It's Sunday and I go back to work tomorrow. I had a pretty relaxing, productive and fun vacation. My goals while off work were:
1. Get the ball rolling on finding a new job
2. Make a poster for a festival a friend of mine is organizing
3. Make a 1 minute movie for a film festival I entered
4. Relax
5. Hang out with friends visiting from Australia
To a certain extent, I managed to do all of the above.
Normally, a whole week off to have fun would have been the best way to take advantage and try to meet more new people, be it online or at a party or social gathering, etc. However, since I've been hanging out with Rock Chick, I've decided to stop browsing sites. I'm really confused if it's the smart thing to do but I was talking to Ira last night and he summed it up for me. He asked me: "are you not pursuing other people at the moment because you want to see what happens with Rock Chick and it makes you uncomfortable starting new things while trying to get to know her better?"
The answer is yes.
I spent 2 nights this week with her. Thursday night we were supposed to get together but she forgot she already made plans to watch a movie with a friend. However, she still wanted to see me so she came over and we ate a quick dinner that my roommate had made (she offered us leftover pizza she cooked) and then I walked her all the way to the movie theatre on the other end of town. it was about a 45 minute walk and the weather was absolutely beautiful.
Friday night I had invited her to an interesting party I found out about (a 90's video dance party) but she already had plans with someone else (a female friend), so I went solo. It was an awesome party and filled with hot girls. I'm not sure what I would have done had the opportunity arose, but I was flirting with a few of them, having fun, you know.
Last night I called her up again to see if she's like to get together since really we hadn't done much. Friday she was busy and Thursday all I did was walk her to her other plans. So I called her and she said she wanted to get out of her place. I suggested we walk down to the Old Docks. it's pretty much a wharf near water that is nice to walk around at night.
We arrived there just in time to catch the end of some fireworks. We walked along the docks and then headed to a fancy coffee shop I know of that has an amazing outside garden area to eat dessert, drink coffee and listen to live jazz. After dessert we caught a busker doing a show that lasted about 30 minutes and then we headed to the subway to call it a night.
I had fun with her and I find our conversations are pretty engaging. We have a few inside jokes now and she'll joke around with me and stuff which is great, but I still can't get this feeling that something is missing.
The only reason why I haven't moved on yet is I can't tell if this "feeling of something missing" is justified or not because I also feel I may be expecting too much too fast. The only other person I dated multiple times like this was Wendy and with her by the 3rd date we made out. With Rock Chick, it's now become a habit that we have a quick kiss at the end of our dates. I know that it doesn't have to be a scheduled thing like that, and if the mood is right, we can kiss or do other things during the actual date, not just wait until the end, but I haven't yet felt that that opportunity has arrived. I will touch her arm a bit or put my arm around her briefly while walking but it doesn't lead anywhere. On Thursday I tried holding her hand (after having reason to touch her had, we were joking around and I thought it would be a nice way to lead into hand holding) and she jokingly threw my hand away.

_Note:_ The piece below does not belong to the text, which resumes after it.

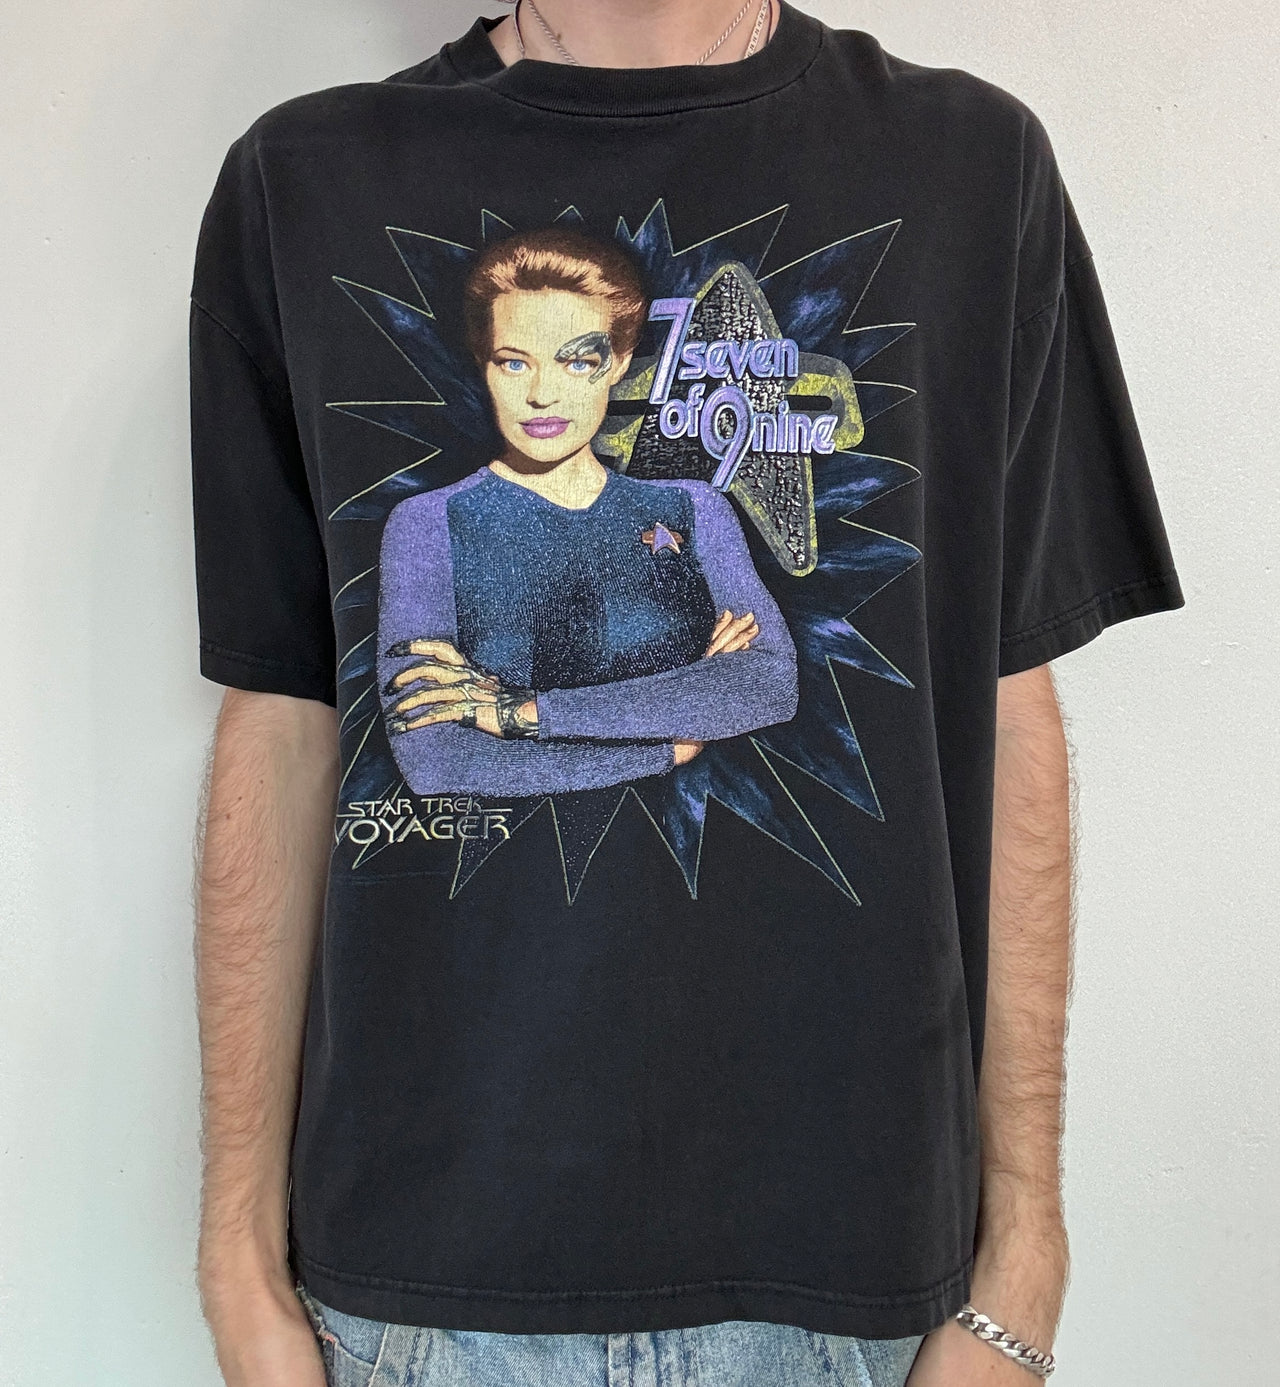 90s Star Trek Voyager Tee

The way our dates on Thursday and Saturday ended were quite different. On Thursday, when I walked her to her destination, when we got there, there was this long awkward goodbye. I wanted to kiss her but was also afraid of making it a habit so I almost didn't. But then I thought now that I have made it a habit she may wonder why I didn't' kiss her this time. I know, it sounds silly, but that's what happened and then finally I went in for the quick kiss, said goodbye and left. I can't help it. It's just she stares right into my eyes each time when we say our goodbyes and it makes me feel like she's expecting me to make a move. But then when I do, it's so quick.
On Saturday night, our goodbye was a bit different. This time when we said goodbye, she leaned in and made a joke kissing motion and noise, like she was telling me "it's OK to kiss me now" which was great but again I cant' tell if it's because she really wants me to or because now it's a habit thing we've started.
Wow.
I feel as I keep typing this post, I'm getting more and more confused.
In the end, I know I am having fun with her, I just don't know if I'd be having more fun with someone else. I found out that in a couple of weeks she's going away for 2 weeks to visit her parents back home. So, I decided I'll give it a bit more time and see what happens. I'm definitely in no rush. If by then I feel that it's going nowhere, then it'll be a great opportunity to end things since she'll be gone for a while.
In the meantime lets see what happens.